Disclaimer
I do not know if this technique has another name. I came up with it to solve specific types of problems but it probably has been done by many others before.
The situation
Assume we are given a sequence of numbers a1, a2, ..., an - 1, an and we have a function f that is well defined for all sequences of numbers with the property f(b1, ..., bm) = f(f(b1, ..., bm - 1), bm) for any sequence b and the range of f has size K, which is relatively small. Our goal is to rearrange the numbers a1, ..., an so that when the sequence is entered into f in this order the value of f is optimised (minimised or maximised).
The solution
If we try to brute force all permutations of the sequence there are n! options which is usually too slow. However what we can do is use dynamic programming and for each sequence ending in aj with m terms store all possible values of f. Since we know the range of f is K at each step we are storing at most K terms.
Cost analysis
To calculate all possible values of f for a sequence ending in aj with m + 1 terms given we have calculated all possible values for f with sequence with m terms we need at most (n - 1)K calculations. Doing this for each term to calculate all possible values for f with a sequence of m + 1 terms gives at most n(n - 1)K calculations. Doing it n times since we need sequences of length n gives at most n2(n - 1)K. Finally to find the optimised value requires at most nK more calculations. So at worst we have n2(n - 1)K + nK calculations.
Noticing the situation
The nature of the function is what determines whether this situation occurs. If the function is based on bitwise operations and the values of the sequence are small there is a good chance that this technique applies. Also if the function is based on arithmetic modulo N where N is small this technique might also apply.
Worked Example
I used this technique to solve the problem trysail from topcoder. https://community.topcoder.com/stat?c=problem_statement&pm=14307. The general idea of the question is you have a sequence of at most 50 numbers that are between 0 and 255 and you want to split them into three non-empty groups so that when you take the xor of each group and sum them the result is maximised.

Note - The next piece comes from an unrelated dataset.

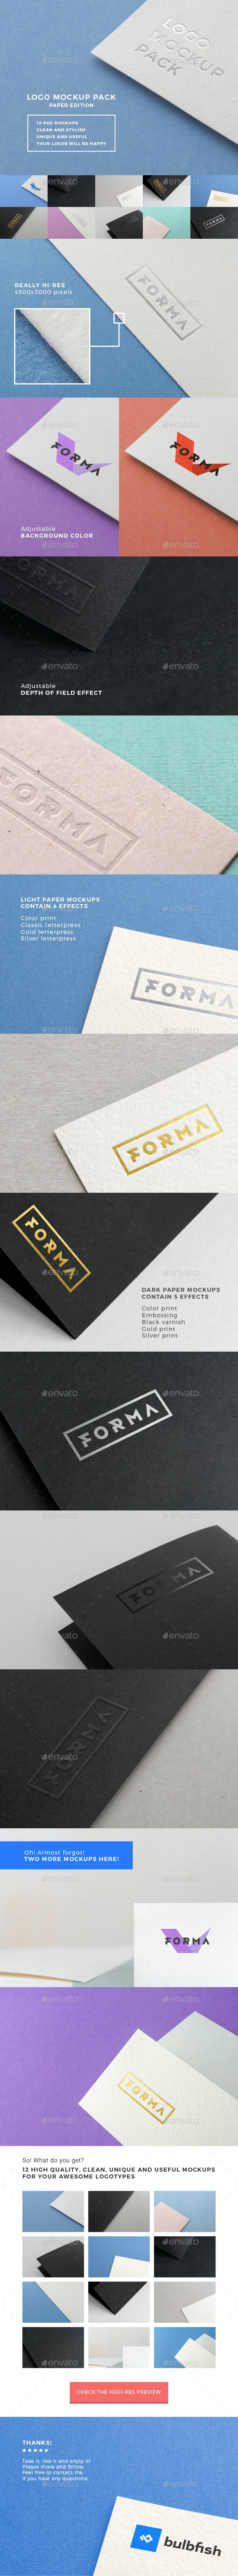 Logo Mockup Pack. Paper Edition - Logo Product Mock-Ups
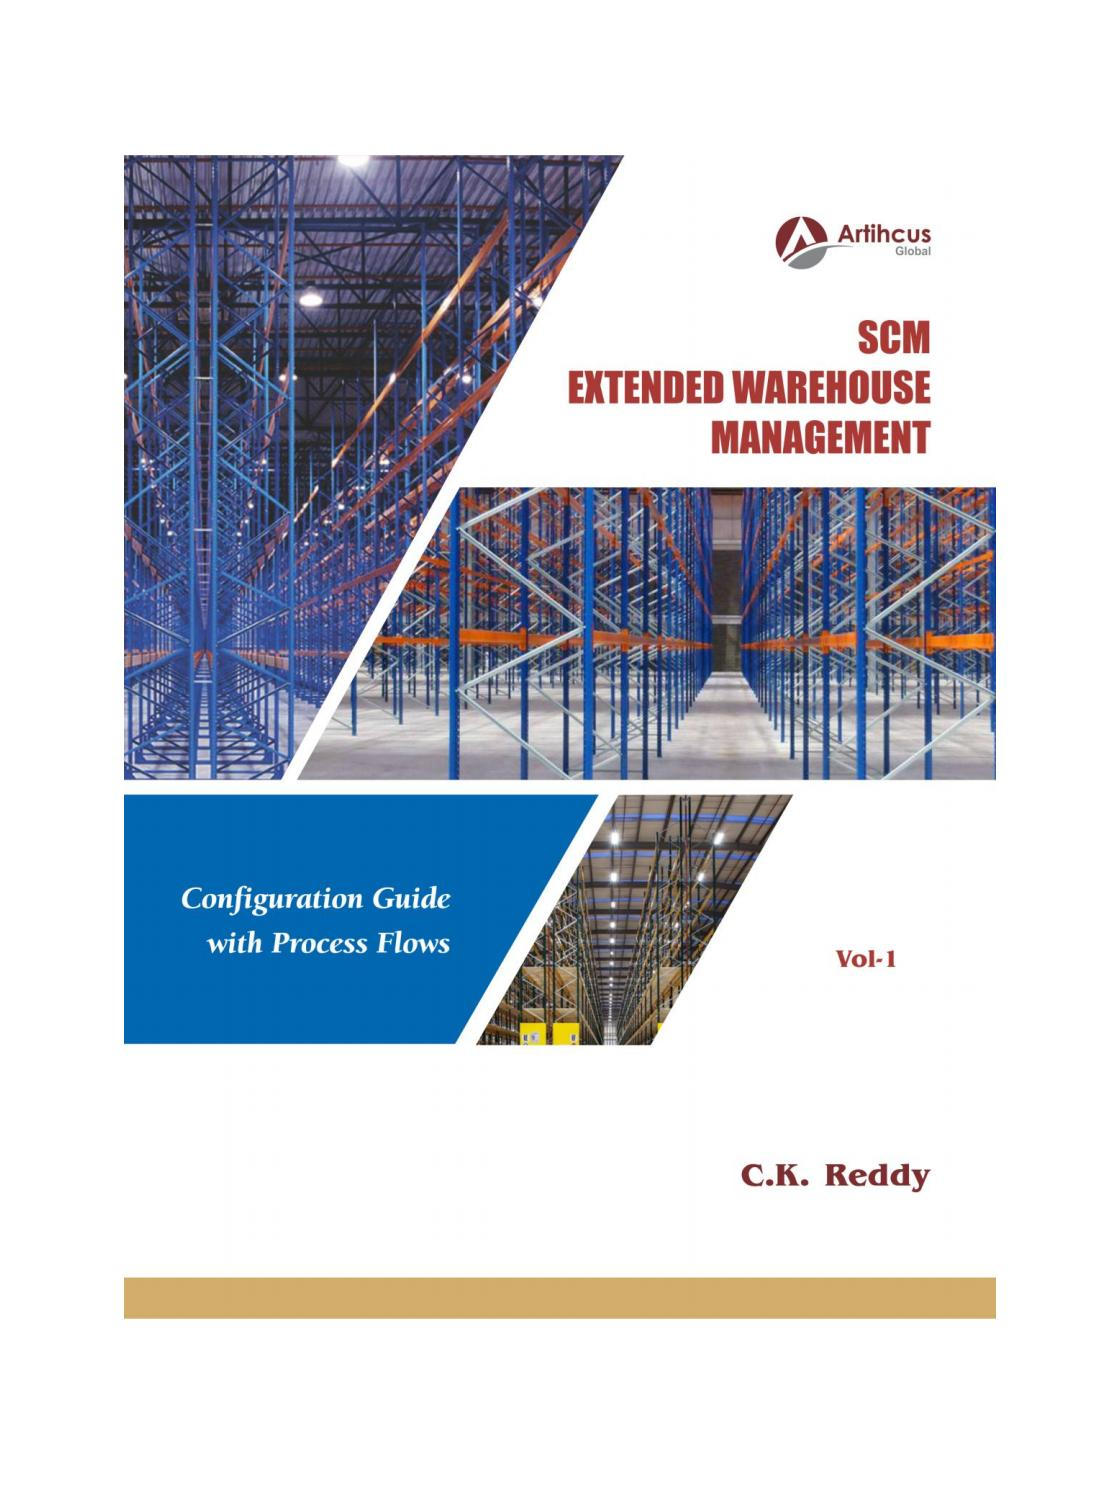 SAP EWM configuration guide with process flows by ckreddy

My approach: First we note when we xor any group of elements the result will be an integer between 0 and 255 inclusive. Next xor clearly satisfies the property required for f given above. These are strong hints that we can use the function range trick. Next we need to figure out a way to deal with three groups. Since the numbers are small we can store the xor of each group in an int letting the first 8 bits store group 1, the next 8 bits store group 2 and the next 8 bits store group 3. We also note since we are only concerned with maximising the sum we can treat certain groupings as equivalent to reduce the number of cases to consider.
Now assume for the first i elements we have stored all the xors of all possible groupings and we want to add the i+1th element and get the xors of all possible groupings with first i+1 elements. Turns out for each possible grouping there are six ways to do this up to equivalence, we either add the new element to one of the existing groups or give the new element its own group and combine the three previous groups into two. This is where the function range trick comes into play. Even though it looks like we are generating a lot of new groups every time we add a new element since the range of xor is limited many of these new groupings result in the same value for xor. Implementation wise we can use a set for storage so repeated elements will only be stored once.
Code
#include<set>
#include<vector>
#include<algorithm>
#include<iostream>
using namespace std;
class TrySail{
public:
int get(vector<int> v){
set<int> prev;
//put the first three elements in a separate group
prev.insert(v[0]+(v[1]<<8)+(v[2]<<16));
//given all possible xors when i elements are grouped
//store all possible xors when i+1 elements are grouped
for(int i=3; i<v.size(); i++){
set<int> next;
for(int j:prev){
next.insert(j^v[i]);
next.insert(j^(v[i]<<8));
next.insert(j^(v[i]<<16));
int x=j%(1<<8);
int y=(j>>8)%(1<<8);
int z=j>>16;
next.insert(v[i]+((x^y)<<8)+(z<<16));
next.insert(v[i]+((x^z)<<8)+(y<<16));
next.insert(v[i]+((y^z)<<8)+(x<<16));
}
prev=next;
}
int ans=0;
//find the largest answer
for(int i:prev){
int x=i%(1<<8);
int y=(i>>8)%(1<<8);
int z=i>>16;
int sum=x+y+z;
ans=max(ans,sum);
}
return ans;
}
};
As a final note this code passes the system tests but it gets quite close to the time limit for certain inputs with 50 elements.